Domain of Derivatives: Is f'(x)<=f(x)?

[Saracen Rue]

Just a quick question - Is it true that the domain of $f'(x)$ will always be less than or equal to the domain of the original function, for any function, $f(x)$?

 

[fresh_42]

Yes. With the exception that if you consider two functions $f,g$ where $g$ has a different (bigger) domain than $f$ and it happens that $g=f'$ on the domain of $f$. A bit artificial, I know, but the question seems a bit strange, too. That's because the first derivative of a function is a linear approximation of the function and can thus only be defined where the function itself is defined. Maybe not at some points like singularities or boundaries and therefore smaller.

 

[Saracen Rue]

Yes. With the exception that if you consider two functions $f,g$ where $g$ has a different (bigger) domain than $f$ and it happens that $g=f'$ on the domain of $f$. A bit artificial, I know, but the question seems a bit strange, too. That's because the first derivative of a function is a linear approximation of the function and can thus only be defined where the function itself is defined. Maybe not at some points like singularities or boundaries and therefore smaller.

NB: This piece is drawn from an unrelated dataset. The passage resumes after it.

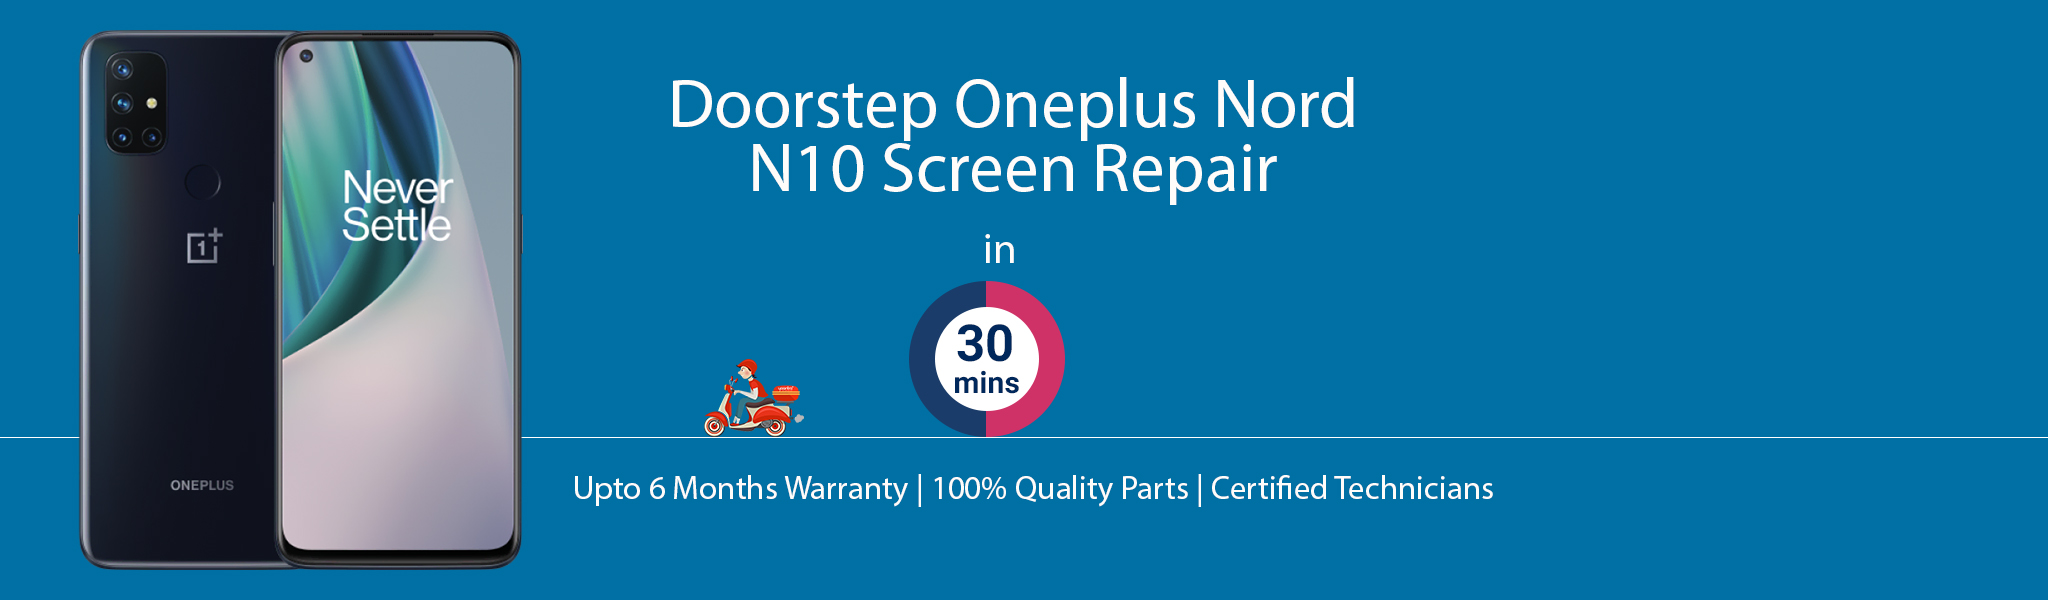 oneplus-n10-screen-repair.jpg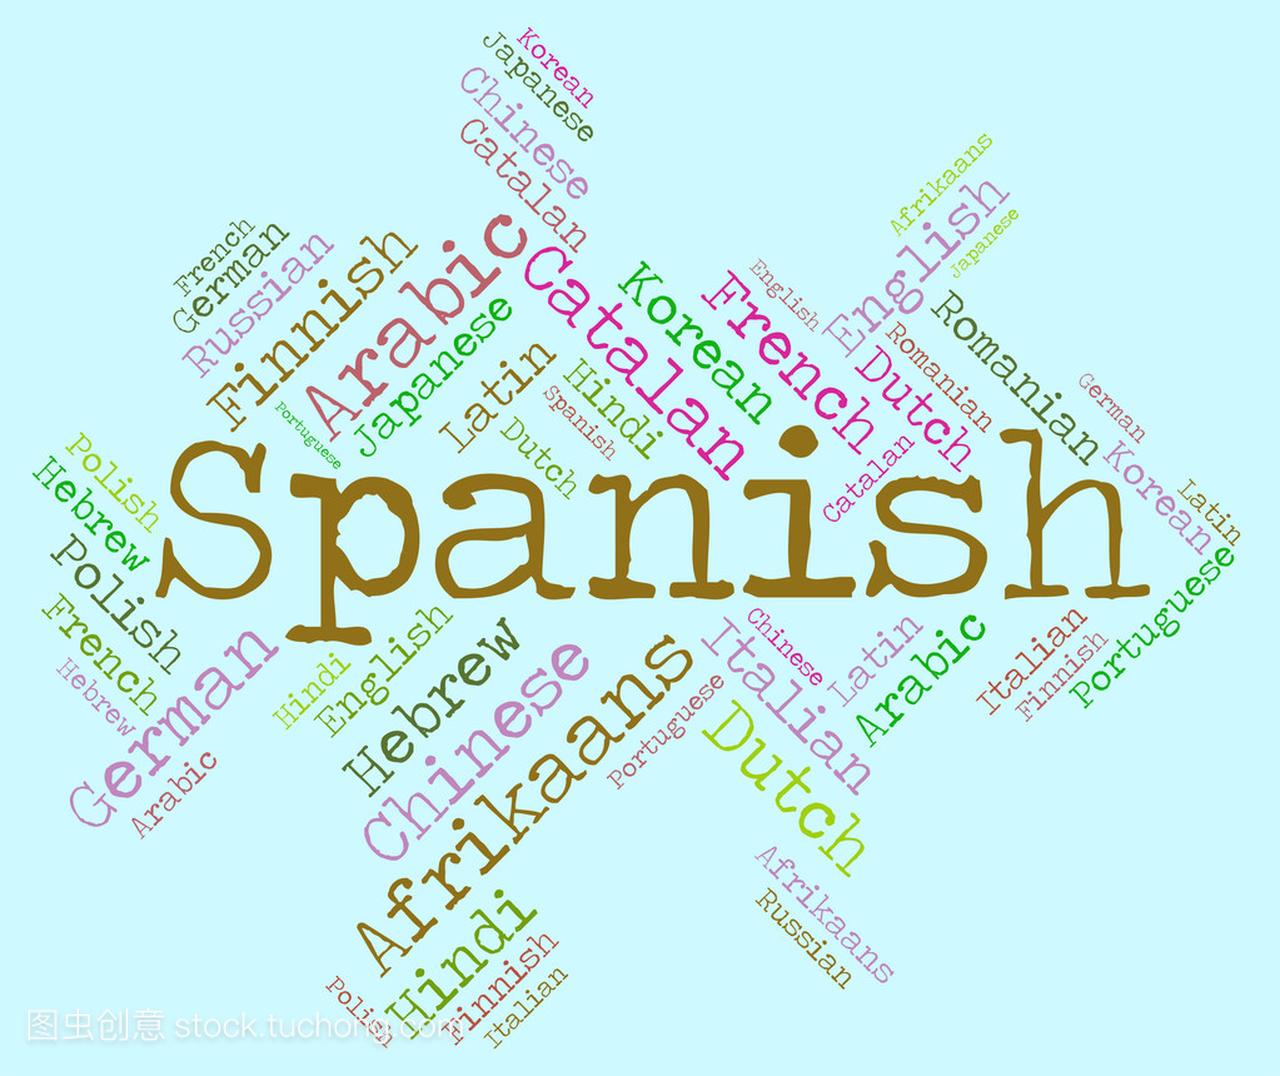 西班牙语言指示词汇术语和 Wordcloud

Thank you, if you don't mind I'd like to extrapolate off this idea a little.

I'm going to go ahead and assume that because the domain of $f'(x)$ is less than or equal to the domain of $f$, the integral of $f(x)$, $F(x)$ will have a domain equal to or greater than $f(x)$.

Now for another little question: while I do know for sure that $f'(x)$ is always the gradient of $f(x)$ at any value of $x$, does it always also hold true that $\int _a^bf\left(x\right)dx$ will always give you the area between $f(x)$, the $x$-axis, and the lines $x=a$ and $x=b$? Or is it possible for an integral to have a value that does not reflect the area under the graph?

 

[fresh_42]

A bit difficult to answer in this generality, i.e. without any conditions on $f$.

Thank you, if you don't mind I'd like to extrapolate off this idea a little.

I'm going to go ahead and assume that because the domain of $f'(x)$ is less than or equal to the domain of $f$, the integral of $f(x)$, $F(x)$ will have a domain equal to or greater than $f(x)$.

Not really. As you define the derivative as well as the integral from the perspective of $f$, how should they be defined elsewhere than $f\,$? In the case of integrals, one might integrate even at points where $f$ isn't defined, e.g. at removable singularities (holes in the graph of $f\,$). In addition there exist different concepts of integration (cp. https://www.physicsforums.com/insights/omissions-mathematics-education-gauge-integration/). But in principle you are stuck with $f$ as it is the basis of your considerations.

Now for another little question: while I do know for sure that $f'(x)$ is always the gradient of $f(x)$ at any value of $x$, ...

Usually it is defined that way: $f'(x) = \lim_{h \to 0} \frac{f(x+h)-f(x)}{h}$ or $f(x+v)=f(x) + \nabla_x(f)\cdot v + r(v)$ with a small correction $r$.

... does it always also hold true that $\int _a^bf\left(x\right)dx$ will always give you the area between $f(x)$, the $x$-axis, and the lines $x=a$ and $x=b$?

Not really. The easy answer is no, because $\int_0^{2\pi}\sin(x)\,dx=0$ whereas there is actually an area beneath the sine. Or take the example with a removable singularity, where area isn't really defined. In addition it depends on $f$ itself. The picture with the area is a rather real one, i.e. for real functions in one variable. For complex functions this picture breaks down.

Or is it possible for an integral to have a value that does not reflect the area under the graph?

Does my example with the sine count? I don't know a good answer actually, as there are really pathological functions out there and the risk is high to forget some of those. Despite this we probably would have to narrow down the variety of possibilities: which functions of how many variables where from defined where with or without singularities and in the end eventually with which measure. For continuous real functions $f\, : \,\mathbb{R} \rightarrow \mathbb{R}$ between two consecutive zeros, the absolute value of the integral of $f$ is the area.